Disks, Buffers, and Files

Relevant Materials #

Introduction #

Now that we’ve taken a look at how humans can interface with databases using SQL, let’s jump all the way down to the bottom and lay the foundations for how we can go from individual bytes to a fully functional database!

Before reading this section, review the page What is an I/O and why should I care? To reiterate the most important points from this section,

  • An I/O occurs when a page is transferred between disk and memory (either read or written).
  • Pages are always fetched in whole: it is impossible to read/write half of a page to memory.
  • For the purposes of this class, a “block” and a “page” on disk are considered the same thing.


Disks are physical devices good at storing a huge amount of data.
Files are stored on the disk and represent one table.
Databases are collections of one or more tables.
Pages are the basic building block of files. A file is generally made up of many pages.
Records represent single rows in the table. Many records can be stored on the same page.

When records from a database need to be accessed, they are copied from the disk to the buffer in memory one page at a time.

Devices #

Here’s the hierarchy of physical memory devices that modern computers use. The main tradeoff is price to speed: the devices higher up on the chart (like the cache) allow for far faster accesses, but are much more expensive to produce per unit of data compared to slow devices (like hard drives).


(Optional Context) The anatomy of a hard drive #

This section is taken from 61C. It’s not required knowledge for 186, but it helps develop an intuition for what types of access patterns are faster than others on the disk. The main takeaway: disks are really slow.

Hard drives are magnetic disks that contain tracks of data around a cylinder. HDD’s are generally good for sequential reading, but bad for random reads.


Disk Latency = Queueing Time + Controller Time + Seek Time + Rotation Time + Transfer Time

  • Queuing Time: amount of time it takes for the job to be taken off the OS queue
  • Controller Time: amount of time it takes for information to be sent to disk controller
  • Seek Time: amount of time it takes for the arm to position itself over the correct track
  • Rotation Time (rotational latency): amount of time it takes for the arm to rotate under the head (average is 1/2 a rotation)

Disk space management:

  • provides an API to read and write pages to device
  • Organizes bytes on disk into pages
  • Provides locality for the ‘next’ sequential page
  • Abstracts filesystem and device details

Files #

A Database file (DB FILE) is a collection of pages, which each contain a colection of records. Databases can span multiple machines and files in the filesystem (we’ll explore this idea more in Distributed Transactions.

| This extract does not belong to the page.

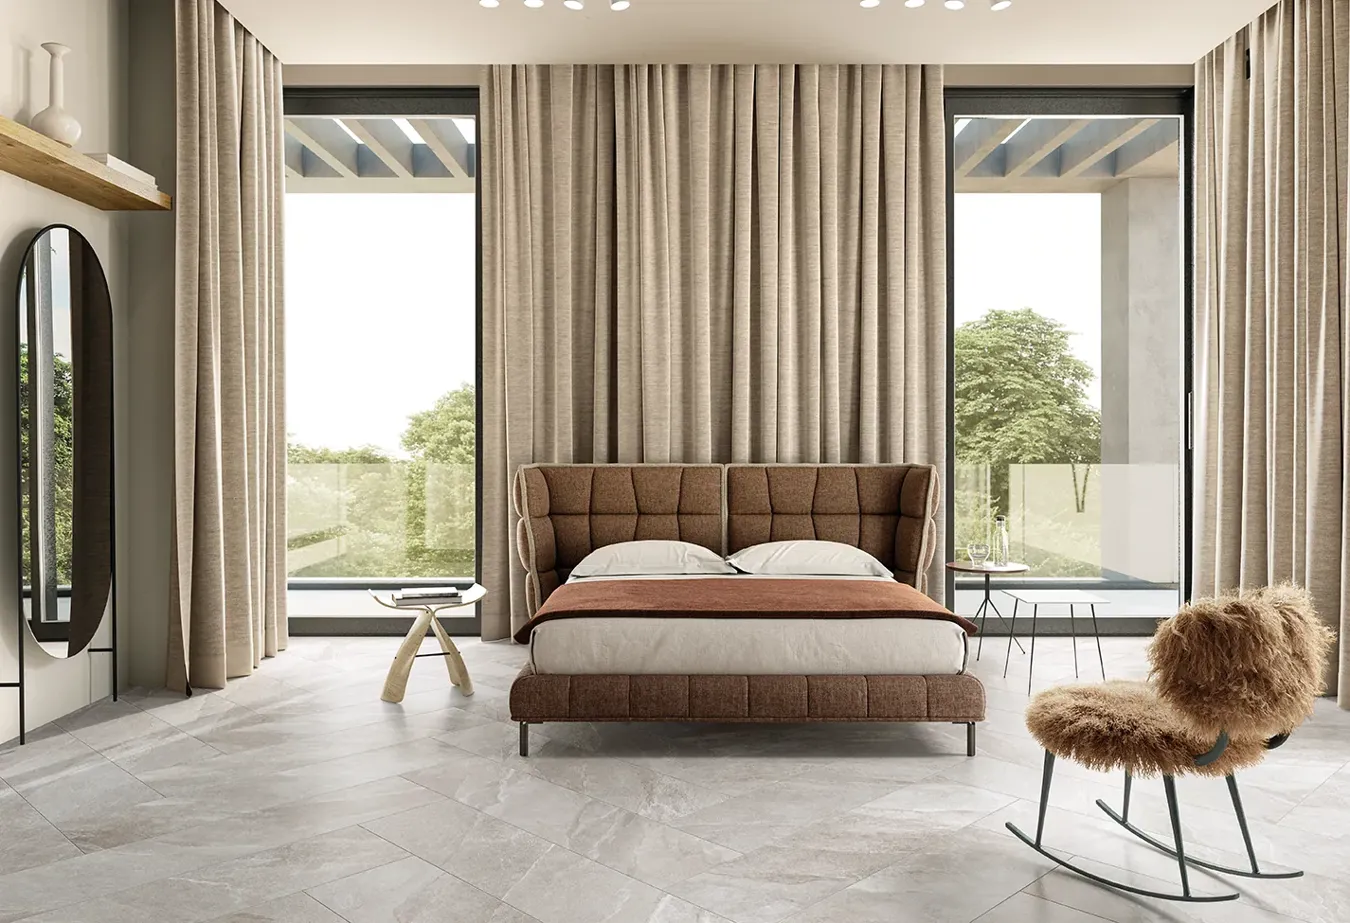 Habitación elegante con baldosas efecto piedra greige de la colección Ubik, cama marrón acolchada y cortinas a juego.

There are two main types of files: heap files, which are unordered, and sorted files, in which records are sorted on a key. As you could imagine, sorted files add a significant amount of complexity in exchange for possibly faster runtimes. In general, range selections and lookups are faster in sorted files, while insertions, deletions, and updates are faster in heap files.

File Cost Analysis #

In order to make efficient queries, we need a measure of how good or fast a query is. Knowing that queries operate on records, which are stored on pages in a file on disk, we can use the following cost model for analysis:

  • $B$ = number of data blocks (pages) in file
  • $R$ = number of records per page
  • $D$ = average time to read or write disk page (i.e. cost of one I/O)

For analysis, we will use the following assumptions:

  • We are mostly concerned about the average case.
  • The workload is uniform random.
  • Inserts and deletes operate on single records.
  • Equality selections will have exactly one match.
  • Heap files always insert to the end of the file.
  • Sorted files are always sorted according to search key.
  • Packed files are compacted after deletions.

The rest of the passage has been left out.